Pre-Deployment Testing
Safety institutes run voluntary pre-deployment tests with labs. They evaluate capability and safety on unreleased models. They often reuse existing benchmarks. The hard question remains: what counts as "safe enough"?
Real-World Tasks and Realism
Exam Benchmarks vs Real Users
Standardized tests do not look like daily use. Real prompts include chit-chat, messy questions, spam, adversarial requests, and practical work.
Two Kinds of Prompts
Quizzing prompts: the user already knows the answer and tests the model.
Asking prompts: the user needs help and does not know the answer.

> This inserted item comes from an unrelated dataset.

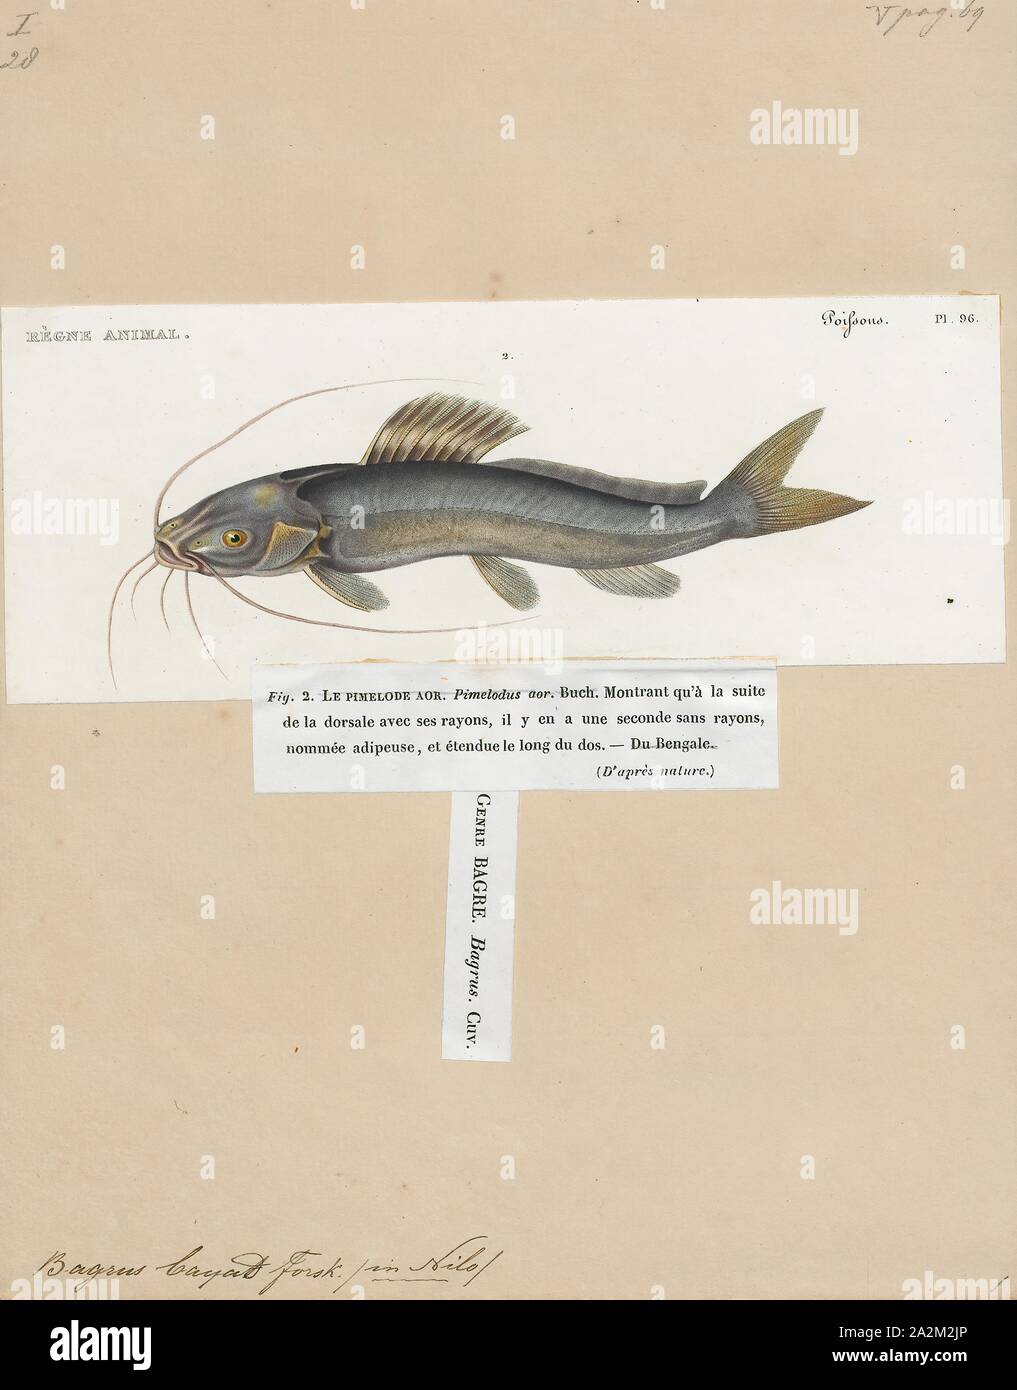 Bagrus bayad, Print, Bagrus is a genus of bagrid catfishes. These are relatively large catfished found in freshwater habitats in Africa, except for the virtually unknown B. tucumanus from South America, which likely is a synonym of Luciopimelodus pati., 1700-1880 Stock Photo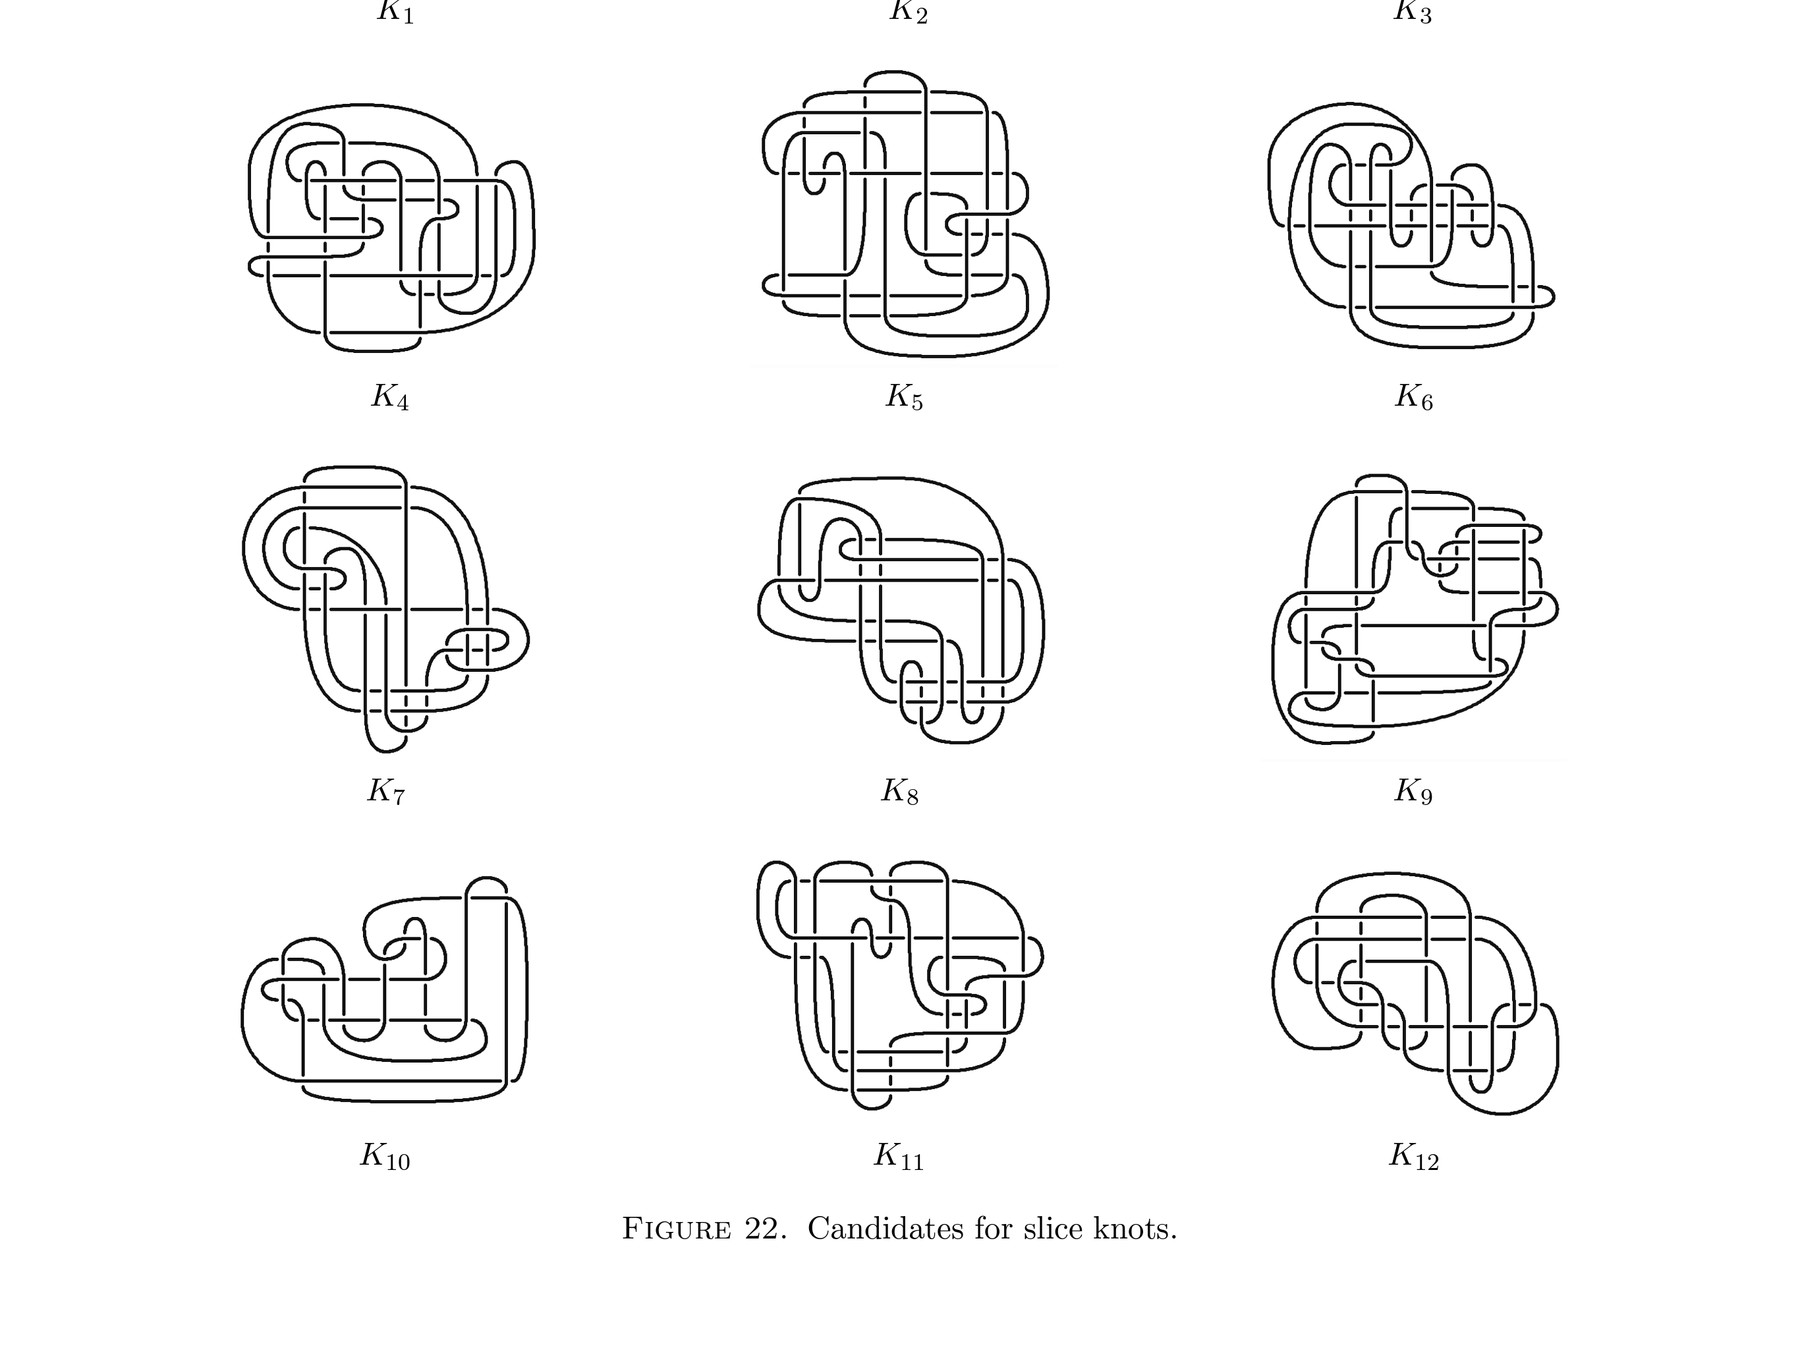 Figure 22. Candidates for slice knots.

Most value comes from asking prompts. Most benchmarks look like quizzing.
Real Use Analysis
Anthropic clustered real conversations and found coding as a major use case. MedHELM asked clinicians which tasks matter in practice and built benchmarks around those needs.
Realism vs Privacy
High-realism evaluation often needs real user or patient data. That creates privacy and sharing constraints. There is a real tension between realism and privacy.
Train-Test Overlap and Data Quality
Train-Test Contamination
Models train on massive internet corpora. Benchmarks can overlap with training data. Filtering shared long n-grams helps but misses translations, paraphrases, and variants like math problems in other languages.
Detecting Contamination Without Training Data
Look for output patterns that mirror dataset ordering. Watch for suspicious confidence spikes on specific items. Treat unusually sharp performance jumps with caution.
Norms and Reporting
Many papers do not report decontamination checks. Stronger norms would include clearer test-set protection and contamination audits.
Label Noise and Benchmark Quality
Benchmarks often include wrong answers or bad questions. Fixing these errors often raises top scores. Some "difficulty" was just noise.
What Exactly Are We Evaluating?
Methods vs Systems
Classic ML evaluation compared methods on fixed splits. Which algorithm gets the best accuracy?
Today, many evaluations compare systems. Systems can differ in data mixtures, architectures, prompts, scaffolding, post-processing, and safety layers.
System-level evaluation matches what users experience. It can hide the source of gains and make scientific comparison harder.
Some efforts, like speed runs and fixed-data competitions, try to bring back method-focused comparisons under shared rules.
The bottom line: evaluation shapes incentives. Get it wrong, and you build the wrong thing.